Hide code cell source
import matplotlib.pyplot as plt
%matplotlib inline
import matplotlib_inline
matplotlib_inline.backend_inline.set_matplotlib_formats('svg')
import seaborn as sns
sns.set_context("paper")
sns.set_style("ticks");

Example: The Duffing Oscillator#

We are going to apply what we learned to the Duffing oscillator. The Duffing oscillator is a simple model for a forced oscillator with a nonlinear term. It is described by the following equation:

\[\ddot{x} + \delta \dot{x} + \alpha x + \beta x^3 = \gamma \cos(\omega t)\]

where \(\delta\), \(\alpha\), \(\beta\), \(\gamma\), and \(\omega\) are constants. We can rewrite this as a system of first order equations by introducing \(v = \dot{x}\):

\[\begin{split}\begin{align} \dot{x} & = v \\ \dot{v} & = \gamma \cos(\omega t) - \delta v - \alpha x - \beta x^3 \end{align}\end{split}\]

The initial conditions are \(x(0) = x_0\) and \(v(0) = v_0\).
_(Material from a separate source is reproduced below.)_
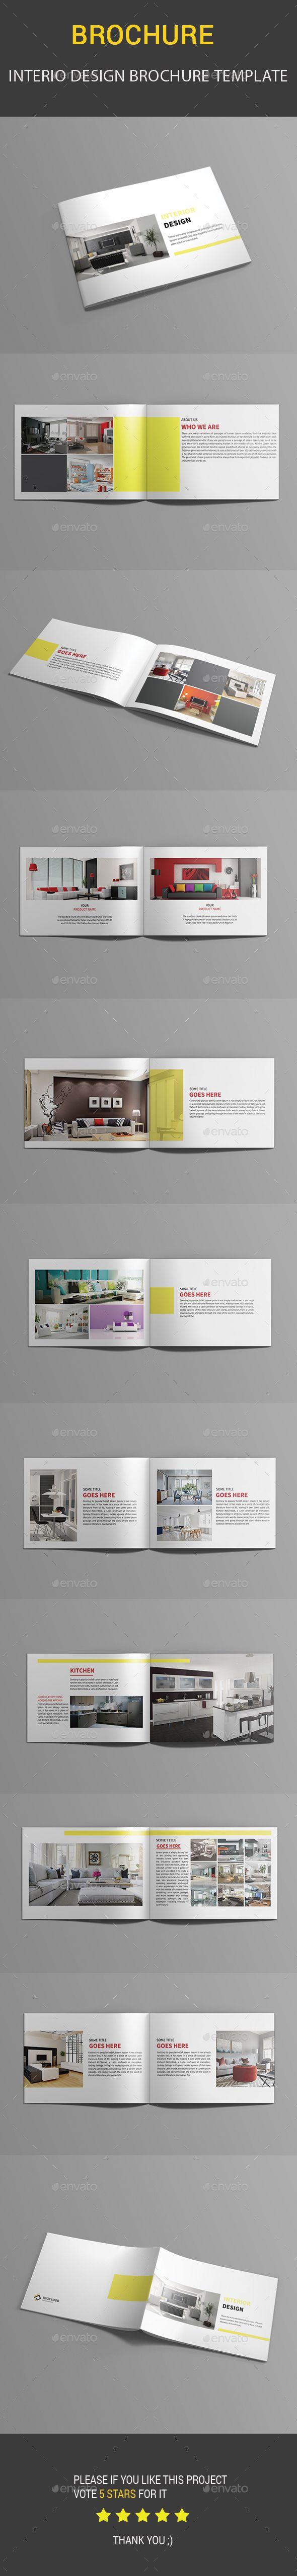 Interio Design Brochure Template InDesign INDD. Download here…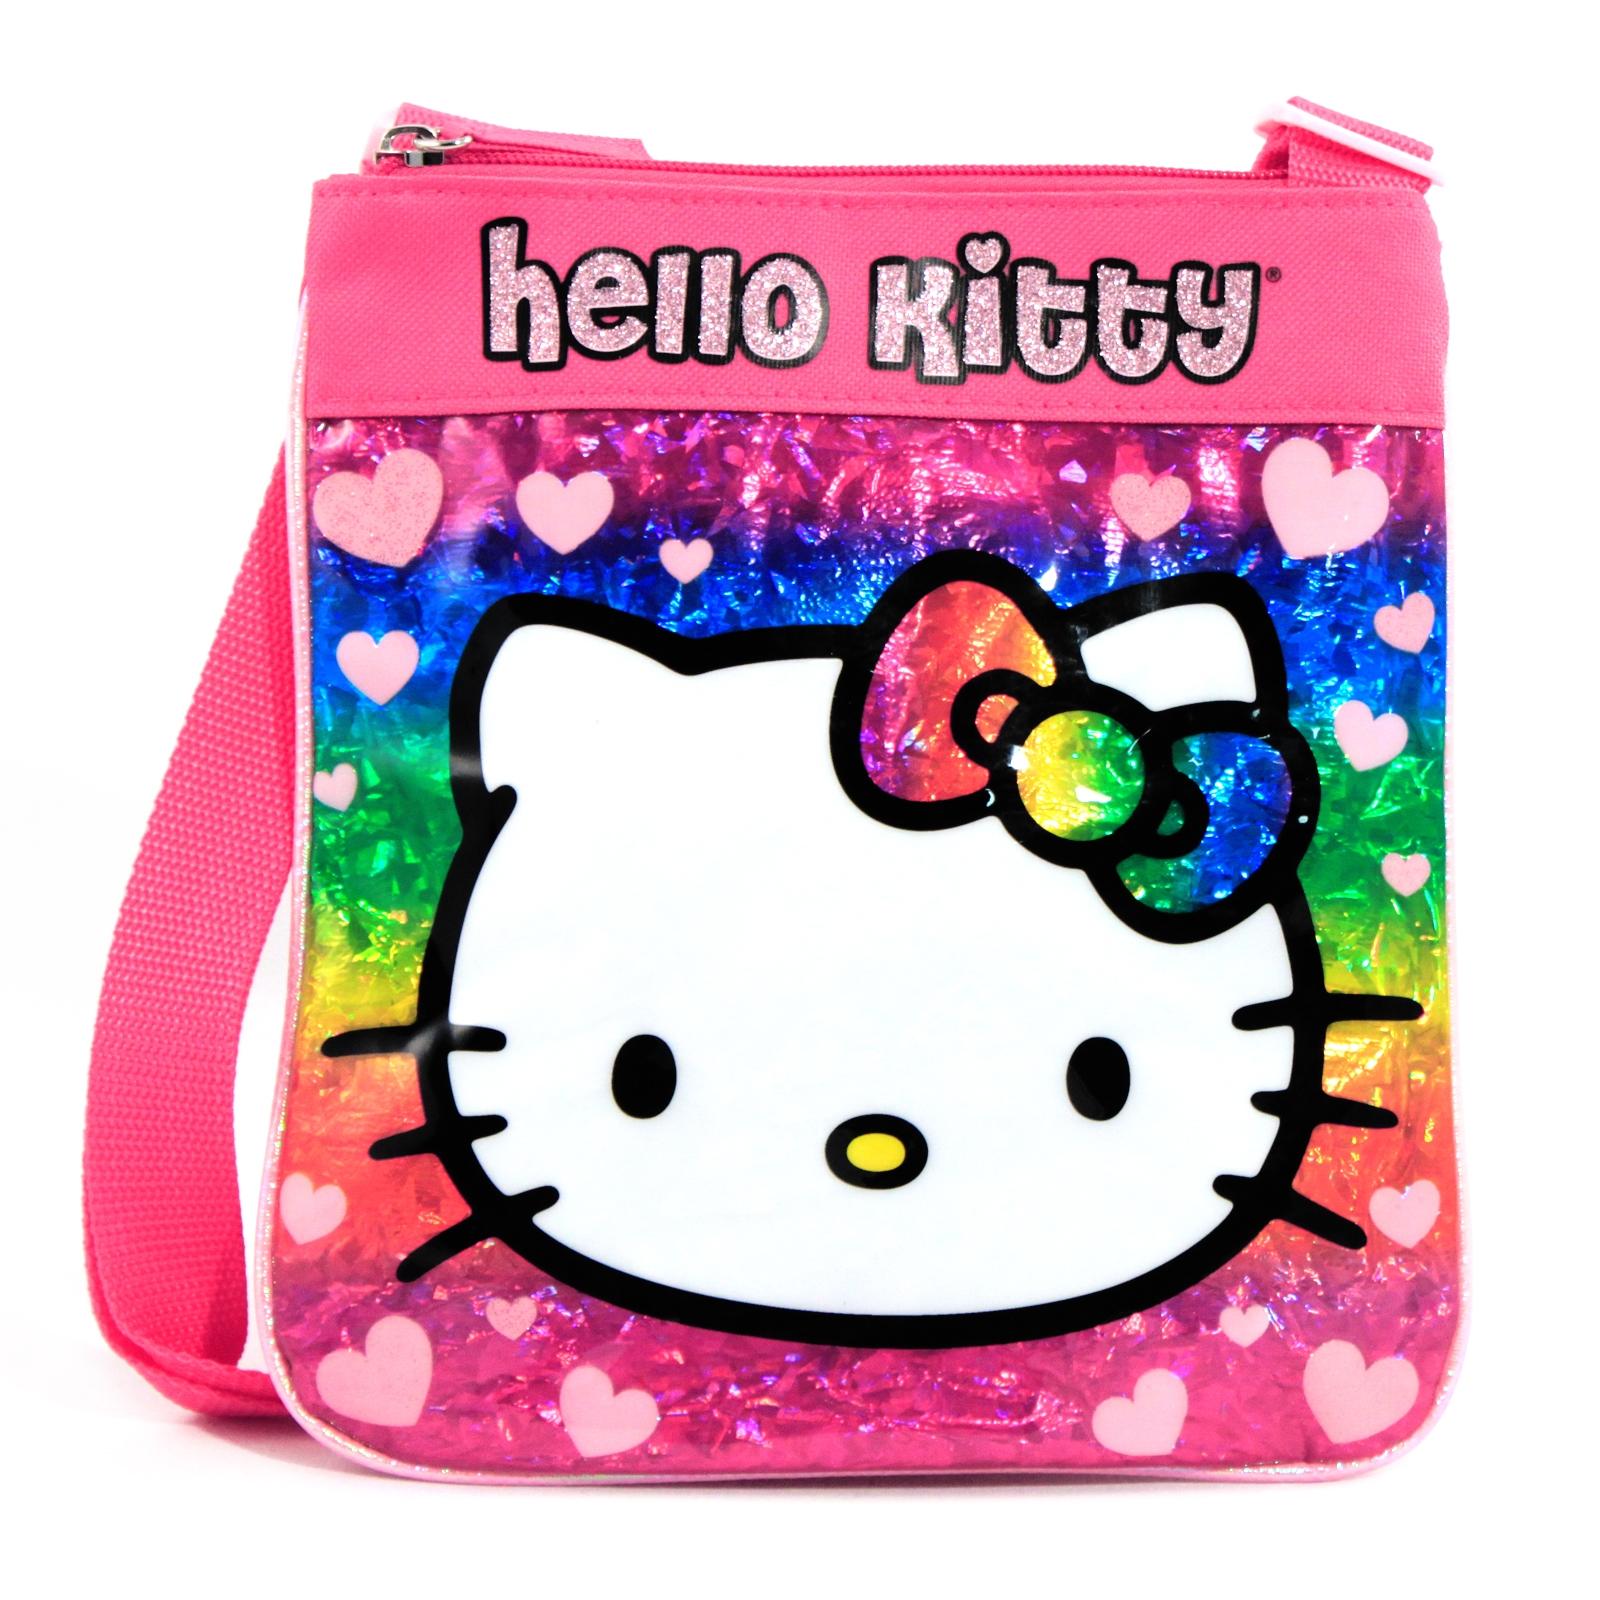 Sanrio Hello Kitty Girls Passport Messenger Bag

Denote by \(\theta\) the vector of all parameters, i.e. \(\theta = (\alpha, \beta, \gamma, \delta, \omega, x_0, v_0)\). The vector field \(f(x,v,t;\theta)\) is then given by:

\[\begin{split}f(x,v,t;\theta) = \begin{pmatrix} v \\ \gamma \cos(\omega t) - \delta v - \alpha x - \beta x^3 \end{pmatrix}.\end{split}\]

Let us start by writing some code that solves the problem for a given \(\theta\), but purely in Jax. We will use the diffrax package written by Patrick Kidger.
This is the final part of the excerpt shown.